No component is allowed to violate that separation.
Reasoning must be inspectable without running tools. Execution must be debuggable without re-reasoning.
If either condition fails, the system is incorrectly designed.
The system is composed of three explicit layers, each with a single responsibility.
User
↓
Runtime (orchestration only)
↓
Planner → Executor
Responsibility: Decide what should happen.
The planner:
-
Consumes:
- the user question
-
Produces:
- a structured, machine-readable Plan
-
Guarantees:
- no tool calls
- no execution
- no side effects
The planner is evaluated only on plan quality, not on task success.
Example planner output:
{
"objective": "What BLEU score did Vaswani et al. report for EN–DE translation?",
"steps": [
{
"step_id": 1,
"action": "retrieve",
"args": {"question": "...", "k": 4},
"rationale": "source-bound factual request"
}
]
}Responsibility: Execute the plan exactly as written.
The executor:
-
Consumes:
- the planner’s plan
-
Performs:
- only the tool calls specified in the plan
-
Produces:
- a raw execution trace
Constraints are strict:
- ❌ no replanning
- ❌ no goal reinterpretation
- ❌ no hidden reasoning
The executor is evaluated on faithful adherence, not intelligence.
Responsibility: Orchestrate, not decide.
The runtime:
- Calls the planner
- Passes the plan to the executor
- Assembles retrieved context (if any)
- Delegates answer generation
- Writes structured traces
It is the only layer allowed to:
- serialize objects
- assemble outputs
- write logs
The runtime contains no decision logic.
agent-planner-executor/
├── planner/
│ ├── planner.py # Pure plan generation
│ ├── plan_schema.py # Plan / PlanStep definitions
│ └── __init__.py
│
├── executor/
│ ├── executor.py # Faithful plan execution
│ └── __init__.py
│
├── runtime/
│ ├── run.py # Orchestration only
│ └── __init__.py
│
├── response/
│ └── generate.py # Answer generation (opaque)
│
├── utils/
│ └── logging_utils.py # Trace writing
│
├── logs/
│ └── traces.jsonl # Structured execution traces
│
└── main.py # Thin entrypoint
Each module exists for a single reason. No module performs work outside its assigned role.
This system was evaluated using the same question set as
agent-tool-retriever.
Observed behavior:
-
Final answers are identical
-
Retrieval decisions are unchanged
-
Planner emits:
noopfor parametric questionsretrievefor source-dependent questions
-
Executor executes plans faithfully
The only change is observability.
This demonstrates that the planner / executor split is an architectural refactor, not a behavioral modification.
Each run produces a structured trace containing:
- the user question
- the planner’s full plan
- executor step-by-step execution
- the final answer
This makes previously invisible distinctions explicit:
- parametric vs evidence-based answers
- intentional retrieval skips
- exact tool outputs used downstream
Monolithic agent loops collapse these signals. This system preserves them.

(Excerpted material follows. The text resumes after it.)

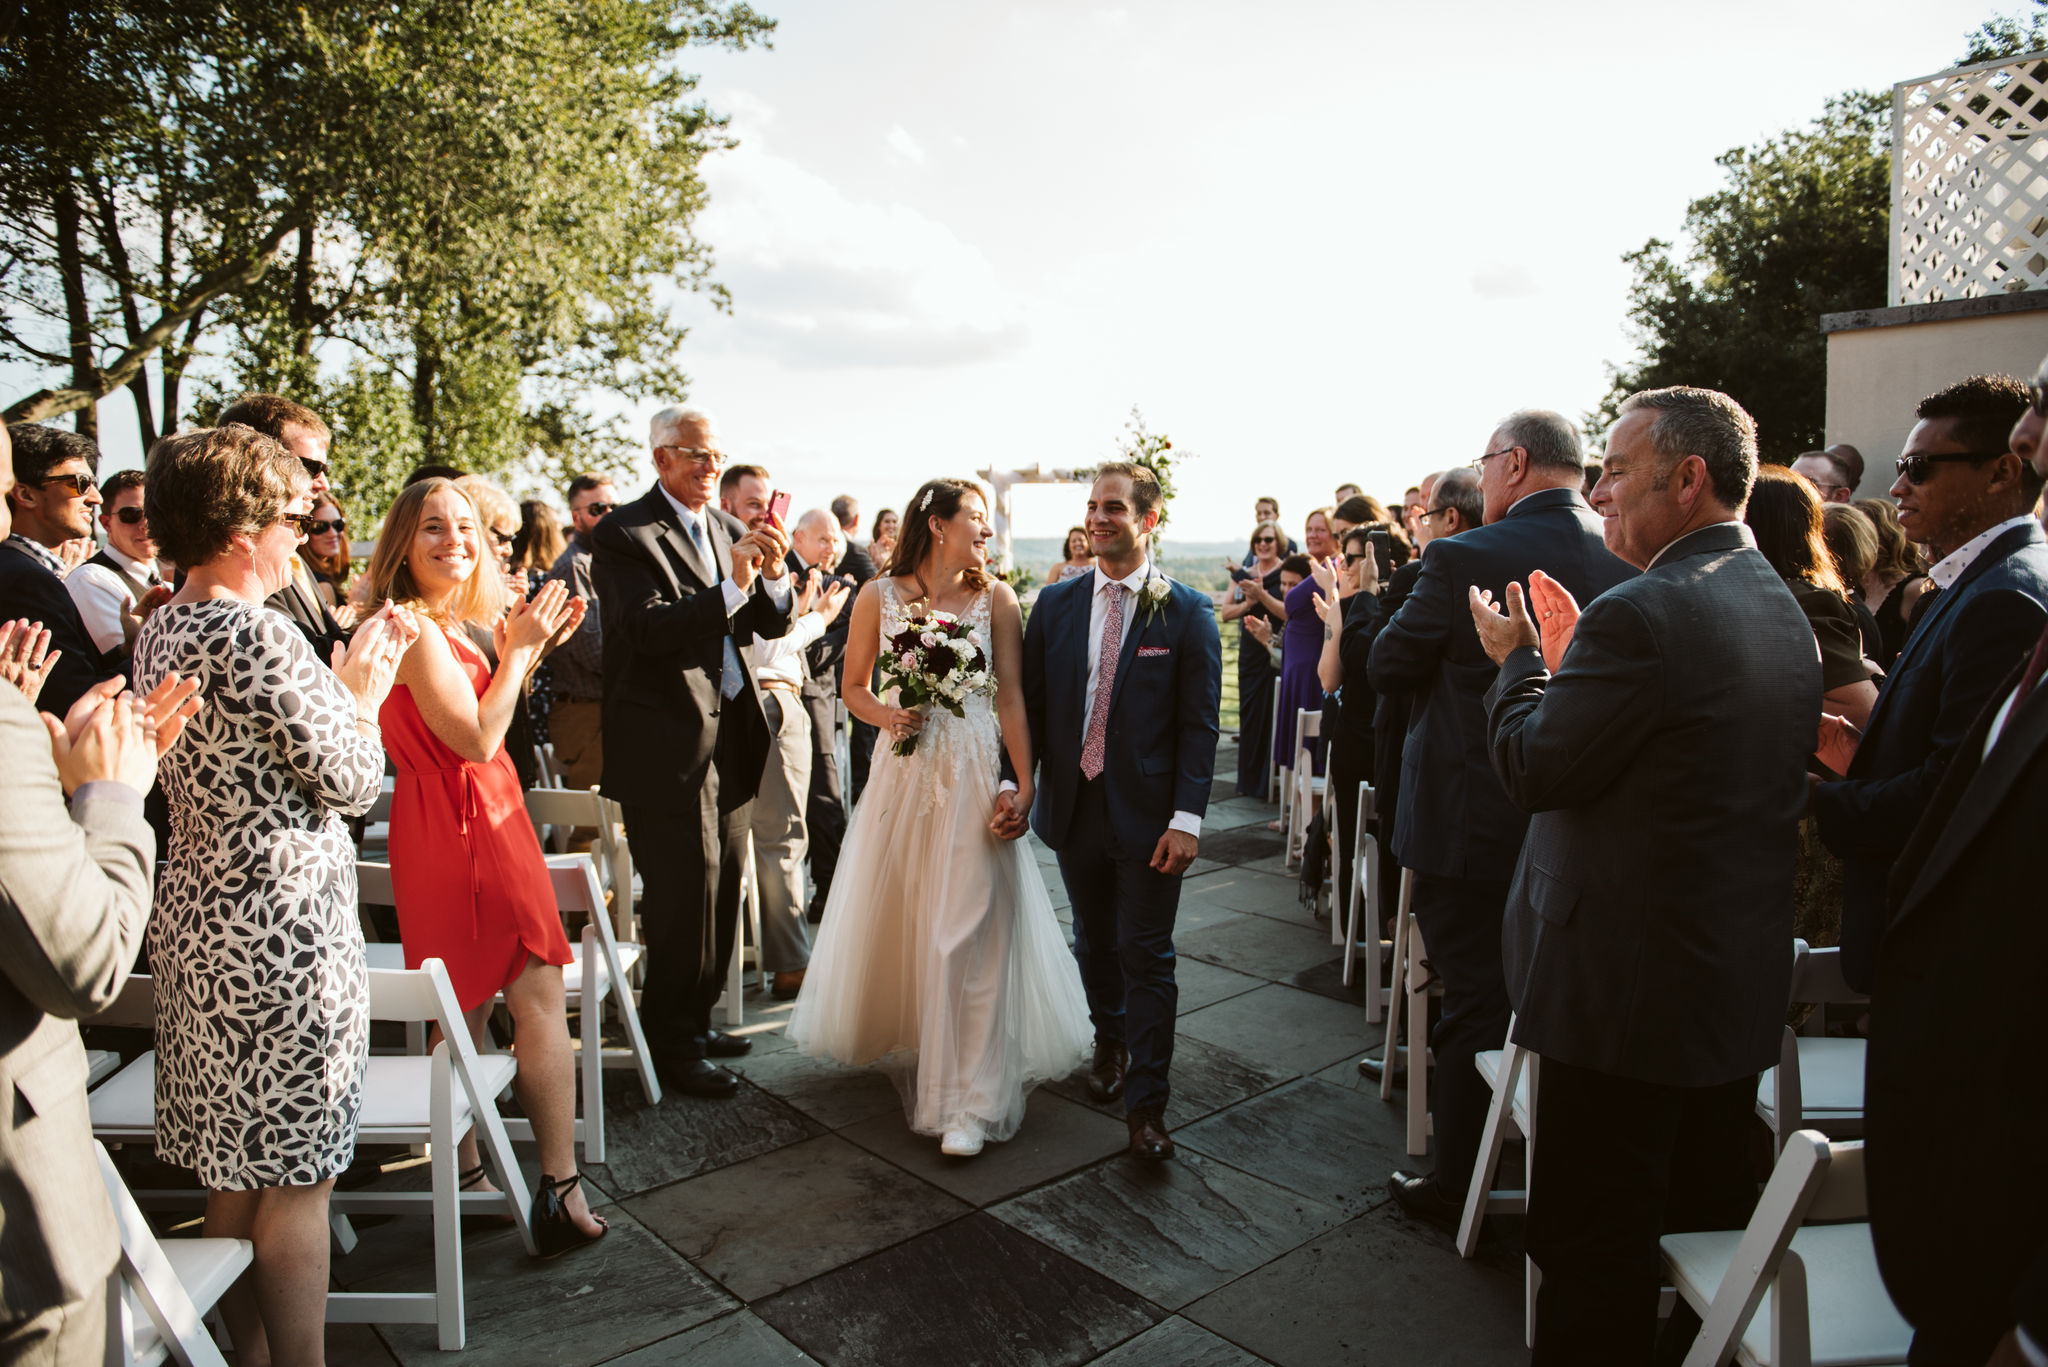  Phoenix Maryland, Baltimore Wedding Photographer, Eagle’s Nest Country Club, Classic, Romantic, Spring, Bride and Groom Walking Down Aisle with Friends Cheering, Just Married, Outdoor Ceremony

This architecture is designed to expose, not mask, failures such as:
- logically valid plans that are operationally impossible
- over- or under-retrieval decisions
- incorrect planner assumptions about tools
- silent execution drift from intended plans
In a single-loop agent, these failures are indistinguishable. Here, they are isolatable.
Deliberately excluded:
- memory or persistence
- replanning or self-correction
- reflection loops
- multi-agent coordination
- tool optimization or learning
These features are unsafe to add until reasoning and execution are separable.
In real systems:
- compilers are separate from runtimes
- query planners are separate from operators
- schedulers are separate from workers
Agent systems should follow the same discipline.
This repository treats agents as a systems engineering problem, not a prompt-design exercise.
This architecture is a prerequisite for agent-memory-systems, where persistence and recall are added without collapsing reasoning, control, and execution into a single loop.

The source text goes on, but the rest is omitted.